Monday, September 27, 2010

Cry of the velociraptor

Here is a partial index of the noises A makes:

1. The Ur-giggle -- My kid doesn't quite yet understand the tenets of comedy (irony, slapstick, wordplay, hypocrisy, despair, and existential angst), but she can sort of see them on the horizon.  Certain stimuli will elicit some kind of proto-laughter from her, a very special staccato grunt that you earn if you smooch on her arms from her wrists up to her shoulders, or if you pretend to chomp at her hands.  The Ur-giggle lacks all of the pitch and melodics of genuine laughter, but it has the rhythm about right.  It's like a happier version of an asthma attack, or the wheezing of a jolly long-term smoker.

2. The Velociraptor Cry -- This is a stranger one.  When you keep your face a few inches from hers, eventually her hands, in their semi-random flailing, will smack onto your skin, and find a grip in your cheeks or nose or eyelids.  This becomes a genuinely riotous occurrence, and she will express some mysterious emotion or thought (amusement? conquest? resentment?) with a single extended, shrill, piercing note.  Many times I am sitting there, letting her mangle my face, as she literally screams inches away from me.  I am so close to her that all I can see if her mouth and the little gems of saliva gathering at the corners of her lips during her high, strangely monotonous shriek.  If this was a horror movie, her skin would peel back and she would become a demon and eat my face off.  But so far she just expresses herself with the velociraptor cry.

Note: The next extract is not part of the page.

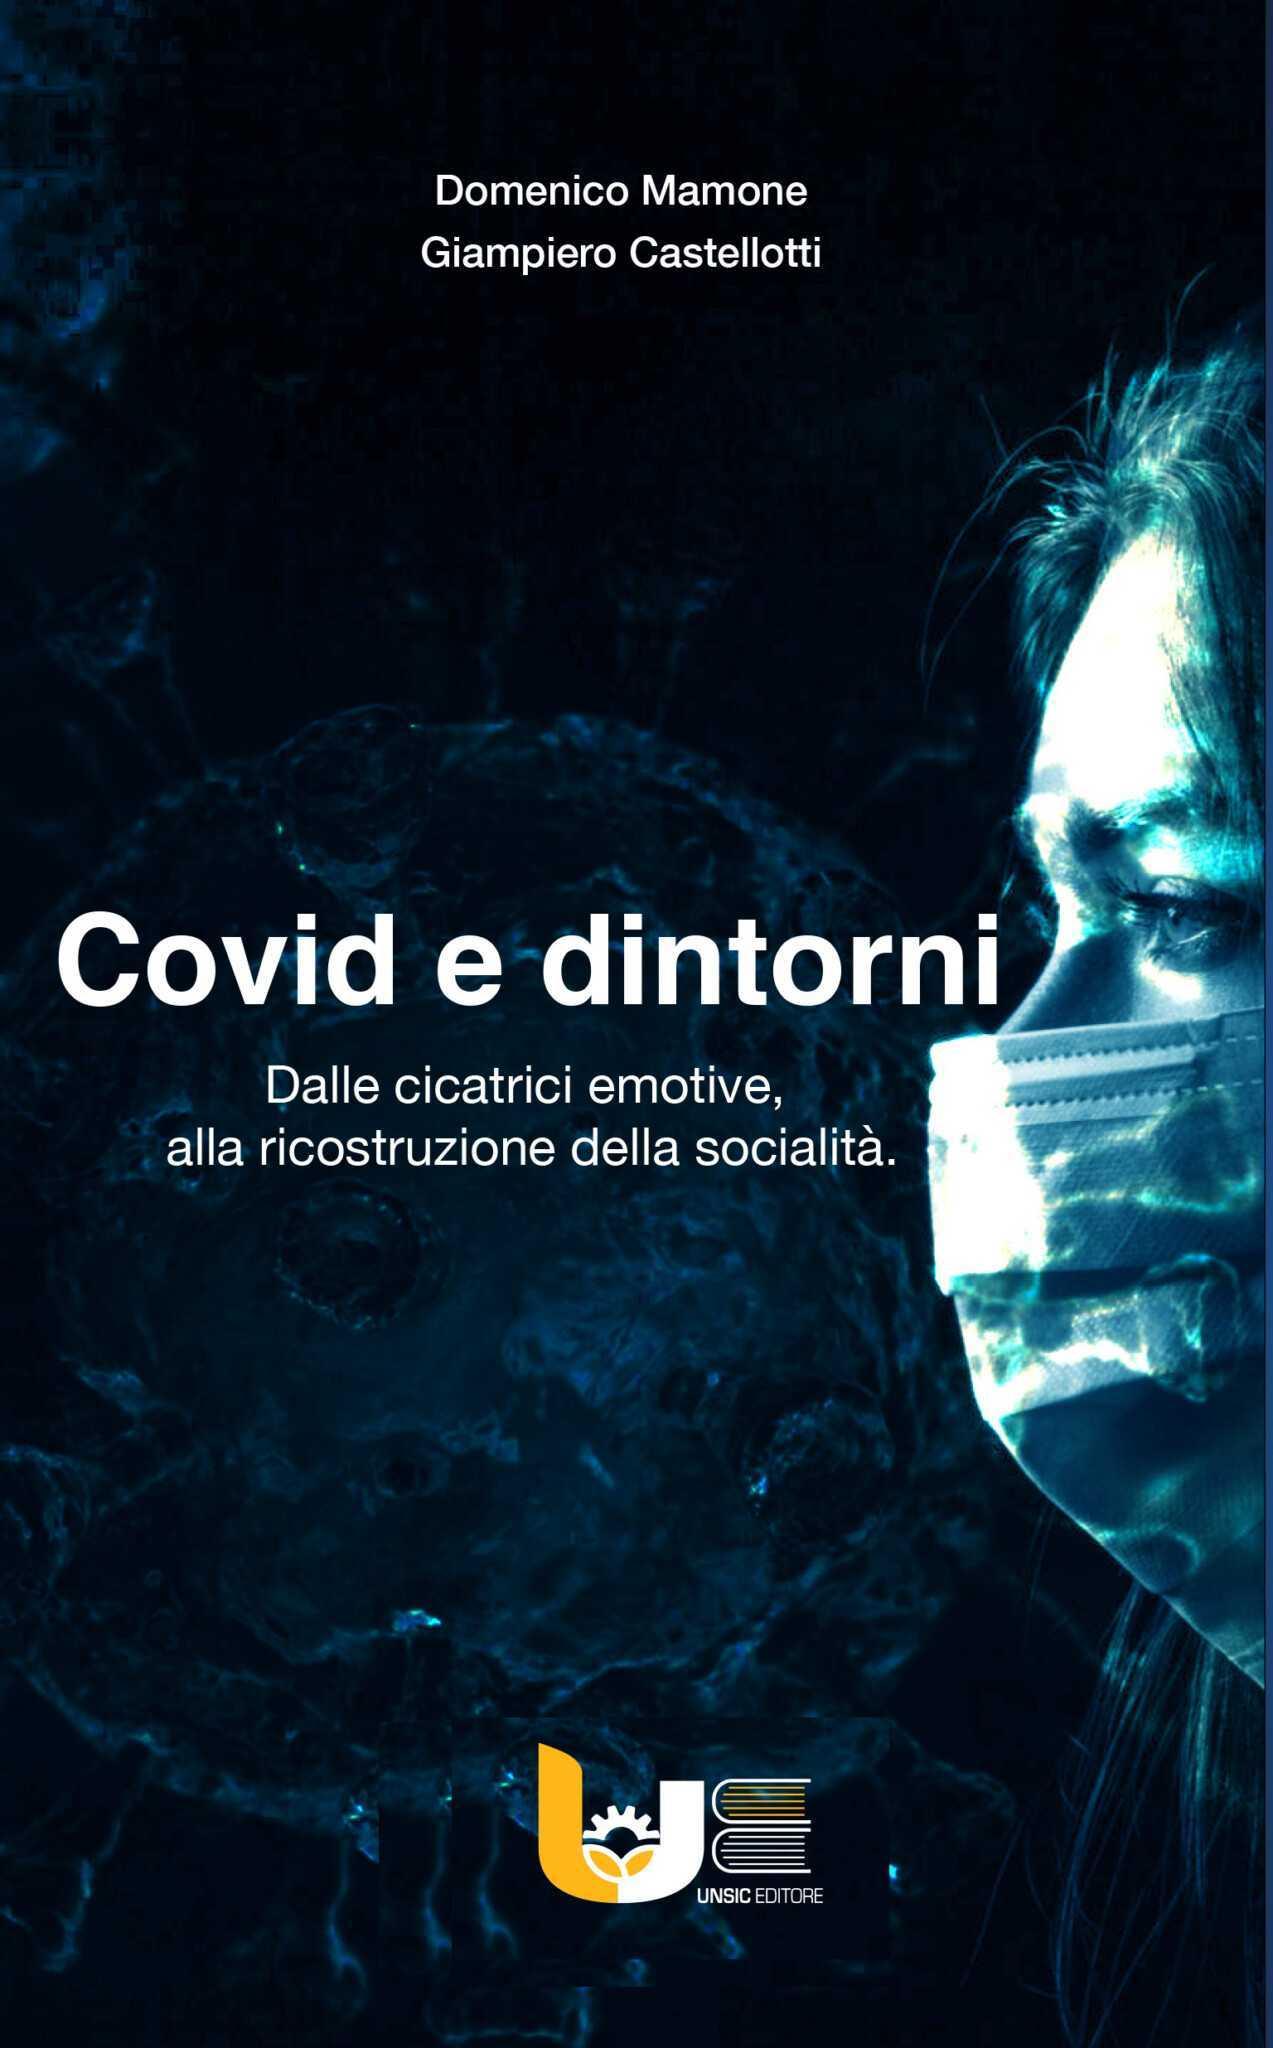 """Presentazione libro """"Covid e dintorni"""" di Domenico Mamone e Giampiero Castellotti"""
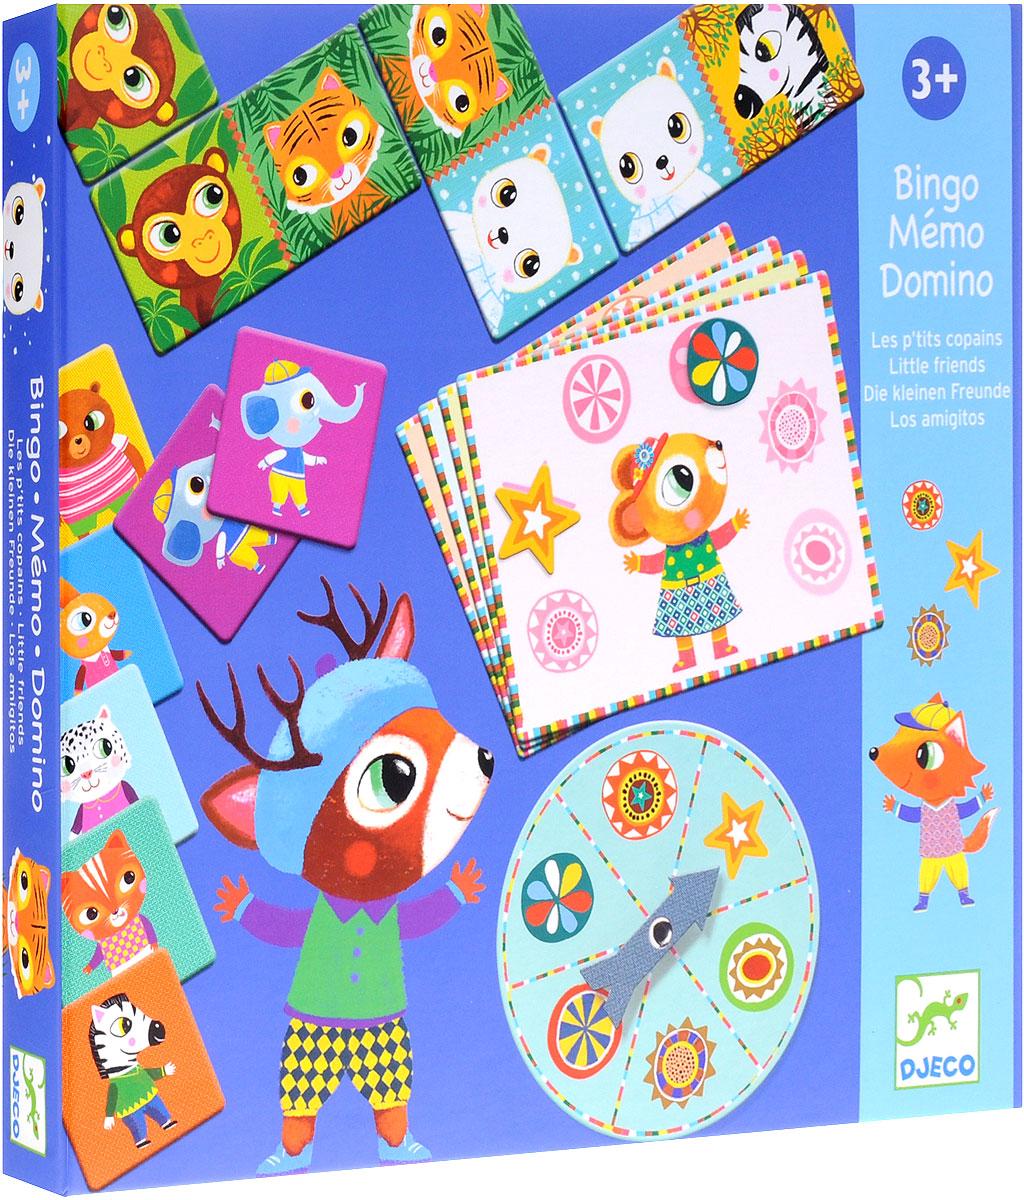 Djeco Обучающая игра Бинго Мемо Домино 3 в 1 подарочный набор 3 в 1 лото домино мемо союзмультфильм

3.  The Wail of the Dispossessed -- At least once a night, after she has been put to bed, A will cry because she has rolled over onto her stomach and now finds herself at a complete loss as to how she got there, and how she could possibly flip herself back over.  This is a comically pathetic noise.  She is crying, but her heart's not in it.  Then we just sneak back into her room, try to gently flip her over without either fully waking her up or breaking her arm, and then hightail it out of there.   Sadly, her learning curve on this particular issue has been a little disappointing. Here's a hint! Roll over again!

4.  The Woo -- We are reaching the really exciting phase of parenthood where it's okay to throw your child around.  We can toss her upwards and actually give her a fraction of a second to fly and fall in the air.  She just loves it, too.  She always seems to look at some nearby point, perhaps to ground her perception, but she just clasps her hands and offers a big wide smile.  She may grunt or chuckle but she will more likely just squeal happily, long ropes of saliva falling through the air like the massive payloads of fire retardant that airplanes drop to fight forest fires.  She is up in the air, weightless for a second at our outstretched fingertips, smiling at us as we brave the intermittent showers of spittle to laugh at her glee and to woo along with her, watching her fly above us from our place on the distant ground.